Et puis un tremblement de terre, et devant ses yeux ébahis, comme un rêve, son jeune étranger est englouti par l'immeuble.
Simm, convaincu que son vis-à-vis est vivant, s'obstinera contre tous pour le retrouver; veillera une voix, un souffle, qu'il entend sous les décombres, noyant ainsi sa vie dans une quête que tous considèrent absurde.
Cet ouvrage est un objet étrange (hybride entre roman et poésie) au rythme lent, une longue conversation entre un homme et son double. Le roman file un peu comme une marée sans grande envergure, vous prend doucement sans soulever ni passion ni méfiance. On se sent constamment au bord de plonger. On se dit qu'un drame, un mystère, un choc viendra secouer le rythme du récit... Mais non.

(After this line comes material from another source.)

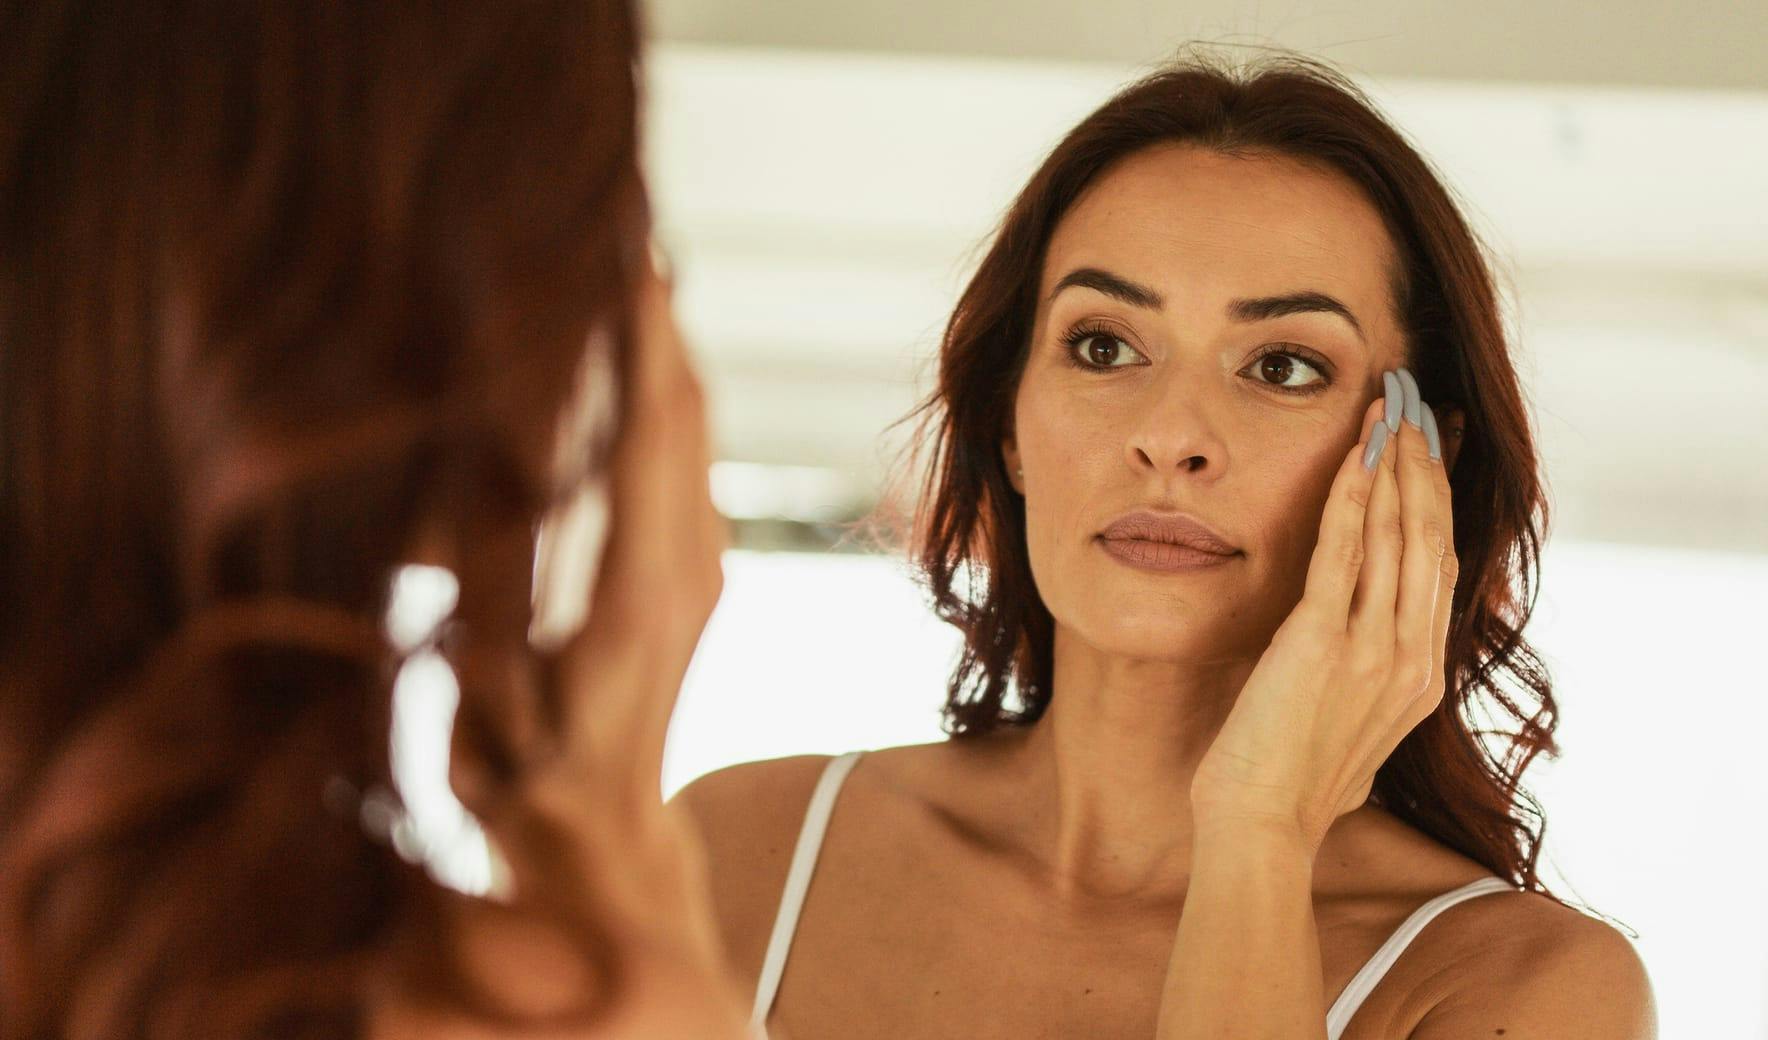 woman looking in mirror touching her face

Y a-t-il eu un homme à la fenêtre? Y a-t-il un homme sous les décombres? Est-ce le même? Certains diront que la trame manque de rebondissements, mais en ce qui concerne l'altérité, la réflexion porte. La réalité de ce qu'est l'Autre ou de qui est l'Autre est finalement assez secondaire dans nos relations puisqu'on y projette surtout nos besoins, nos peurs et nos envies. Ce qui ne signifie pas pour autant que les relations soient sans intérêt. Ce vieil homme s'est vu, semblable et différent, à la fenêtre d'une auberge. Il (se) cherchera ensuite intensément, au prétexte de sauver une vie. Et quand la vie émergera, Simm va filer, sans demander son reste, sans surtout demander de remerciements, sans se retourner. (Par crainte, sans doute, de la déception du réel.)
Moins qu'une histoire, Andrée Chedid nous convie donc à une méditation sur l'identité et sur le besoin de l'écho de l'Autre pour se trouver.
Je n'ai pu m'empêcher de penser à toutes ces relations virtuelles qui caractérisent notre époque et où il est apparent que l'écho de Soi est plus fondateur que la matérialité de l'Autre. J'ai la conviction que ce n'est pas si neuf, mais que ça n'a jamais été aussi évident. J'aimerais parfois expliquer cela aux prophètes de malheur qui croient que l'écran nous achèvera.
- Tu n'entends pas ce qui se passe dans le monde? À quoi elles mènent, les machines?
- C'est la main qu'il faut changer, pas les choses...
(p. 137)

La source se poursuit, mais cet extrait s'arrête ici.